I kept regular tarballs of a project that used SourceSafe right near the start of my career, and found I was more likely to be able to find an intact copy of the right thing to diff against from my tarballs.
I think after a year or so I realised that even bothering to -try- to use SourceSafe was largely silly, got permission to stop, and installed a CVS server on a dev box for my own use.
(yes I know the VCS server shouldn't really be on the dev box I could potentially trash, I didn't have another machine handy and it was still a vast improvement)
I looked at a C++ codebase from 1997 at a previous job - I don't know much about the history but comments in one of the old files tracked dates and changes to 2001.
Not sure what happened after that but in 2017 someone copy-pasted the project from TFS to git and obliterated the prior history.
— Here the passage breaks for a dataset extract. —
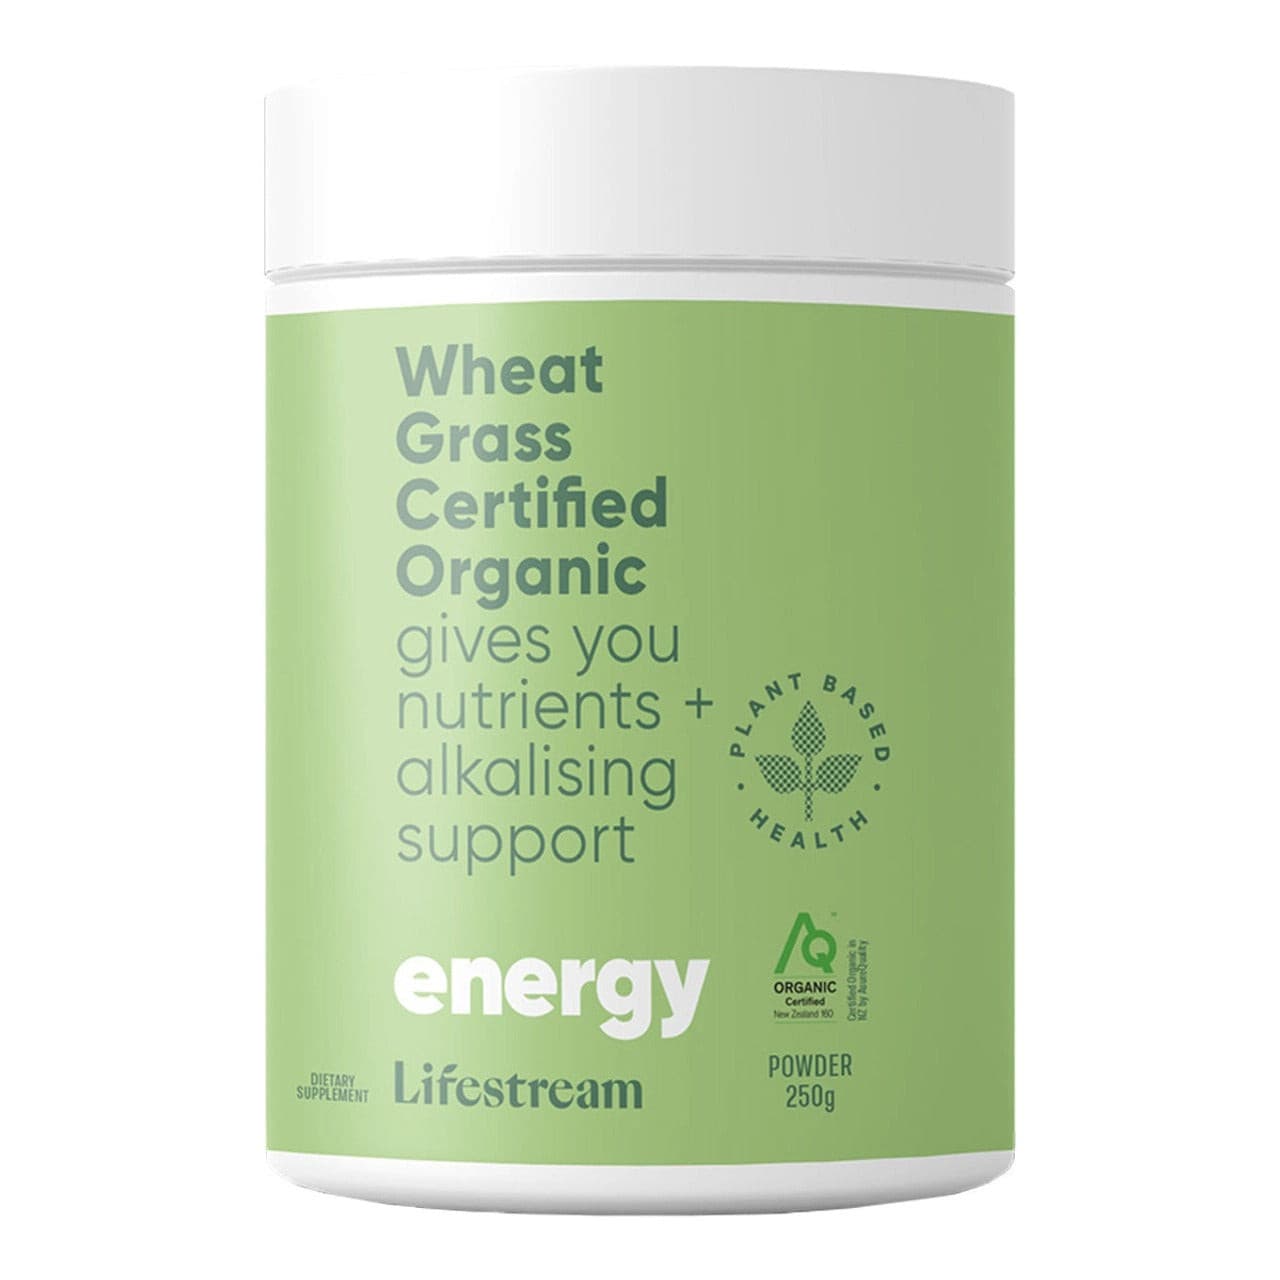 Lifestream Wheat Grass Certified Organic.

Legacy systems that you inherit don't have people coming with them very often. That's part of the context of this. You often don't have people to trace it back to or at least not the people who actually wrote it (maybe someone who worked with them before they got laid off a decade ago), and reformatting the code is not going to make it any harder to get answers from people who aren't there.
I've been in situations where even without access to the people knowing which of them wrote something gives me a better idea of how to backwards infer what (and of course sadly occasionally 'if') they were thinking while writing the code.
Then again, I think most of the tells for that for me are around the sort of structure that would survive reformatting anyway.
(and, y'know, legacy stuff, everything's a bloody trade-off)
I believe you can configure `git blame` to skip a specific commit. But in my experience it doesn't matter anyway for two reasons:
1. You're going to reformat it eventually anyway. You're just delaying things. The best time to plant a tree, etc.
2. If it's an old codebase and you're trying to understand some bit of code you're almost always going to have to walk through about 5 commits to get to the original one anyway. One extra formatting commit doesn't really make any difference.
This is another reason why you should track important information in comments alongside the code instead of trusting VCS to preserve it in logs/commit messages, and to reject weird code missing comments from being merged.
Not saying that fixes decades of cruft because you shouldn't change files without good reason and non-white space formatting is not a good reason, but I'm mentioning it because I've seen people naively belief bullshit like "code is self explanatory" and "the reason is in the commit message"
Just comment your code folks, this becomes less of a problem
How does reformatting trash the history? It's one extra commit..
I guess if it splits or combines lines that could cause some noise if you really want the history of a single line... But that happens all the time, and I don't see how it would really prevent understanding the history. You can always do a blame on a range of lines.
Maybe I'm missing something though, genuinely curious for a concrete example where reformatting makes it hard to understand history!
If you ask the IDE to show blame info next to each line, then a lot of lines will be from the big reformatting. If course you can dig in and retrieve the history still, but it's an extras step then. Btw, it seems that at least Git has a way to make `git blame` avoid considering certain commits (.Git attributes). Maybe that works in IDEs too!